Additional MySQL HeatWave Enhancements
JavaScript support (limited availability): Enables customers to write stored procedures and functions in JavaScript and execute them inside MySQL HeatWave. This makes it easier for developers to write rich application logic in JavaScript and get high performance by executing the program inside the MySQL database. The performance of JavaScript applications is improved since data is not transferred from the database to the client and code is just-in-time (JIT) compiled in the GraalVM runtime.
- JSON acceleration: Developers and DBAs can now take advantage of HeatWave for real-time analytics on JSON documents stored in the MySQL database, accelerating queries by orders of magnitude.
- New analytic operators: With support for new analytic operators including CUBE, Hyper Log Log, Qualify, and Table sample, customers can migrate more workloads to MySQL HeatWave.
- Bulk ingest into MySQL HeatWave: Support for parallel building of index sub-trees while bulk loading data from CSV files helps customers achieve a 10X improvement in data ingestion performance over Amazon Aurora. As a result, data can be queried sooner and the system resources used for loading data are freed up much faster, lowering costs for customers.

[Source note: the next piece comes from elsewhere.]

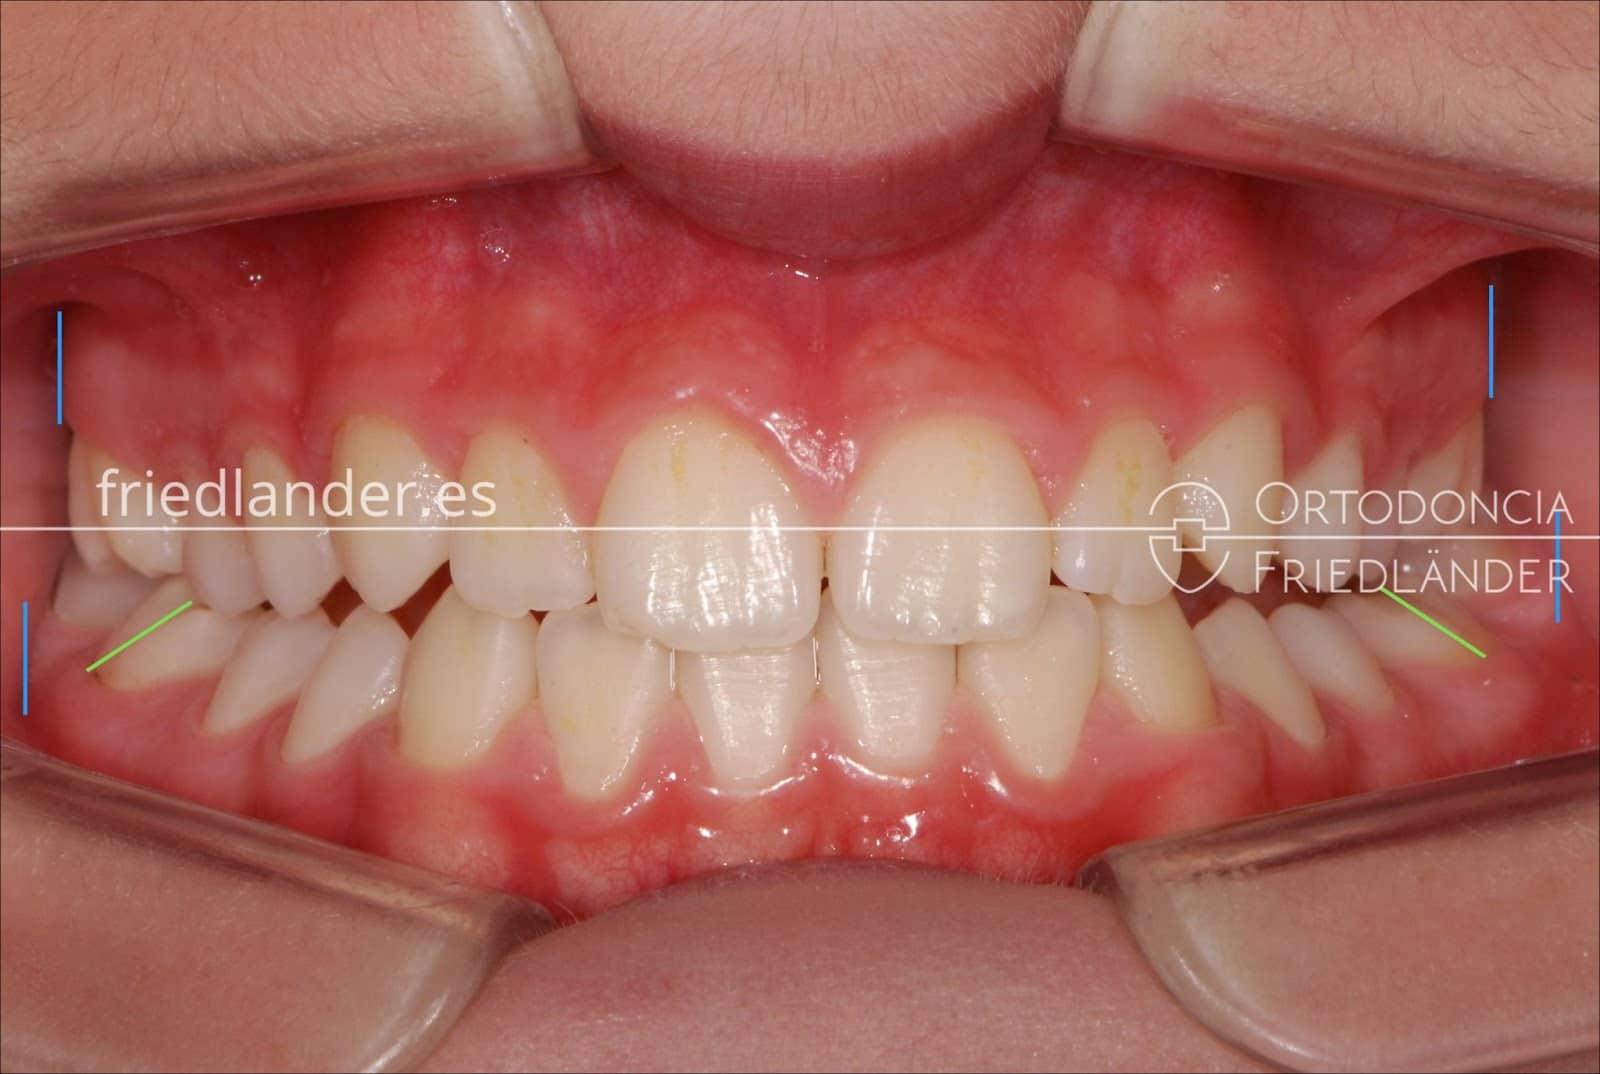 Paladar Ojival o paladar estrecho en adultos, causas y tratamientos. 5

“The MySQL HeatWave engineering team is clearly doubling down on AI and machine learning innovation,” said Steve McDowell, principal analyst and founding partner, NAND Research. “Not only can customers now train ML models on data both in the database and in object storage with full automation, but with the new generative AI and vector store capabilities they’ll be able to interact with HeatWave in natural language, and they’ll receive accurate answers for their own business purposes only—based on their own enterprise data in addition to publicly available data. The flexibility to use whichever LLMs organizations prefer continues to demonstrate the open and collaborative approach of the MySQL HeatWave engineering team.”
MySQL HeatWave is the only cloud service that provides transaction processing, real-time analytics, machine learning, data lake querying, and machine learning-powered automation within a single MySQL database service. A core part of Oracle’s distributed cloud strategy, MySQL HeatWave is available natively on OCI and Amazon Web Services, as part of the Oracle Database Service for Azure, and in customers’ data centers with OCI Dedicated Region.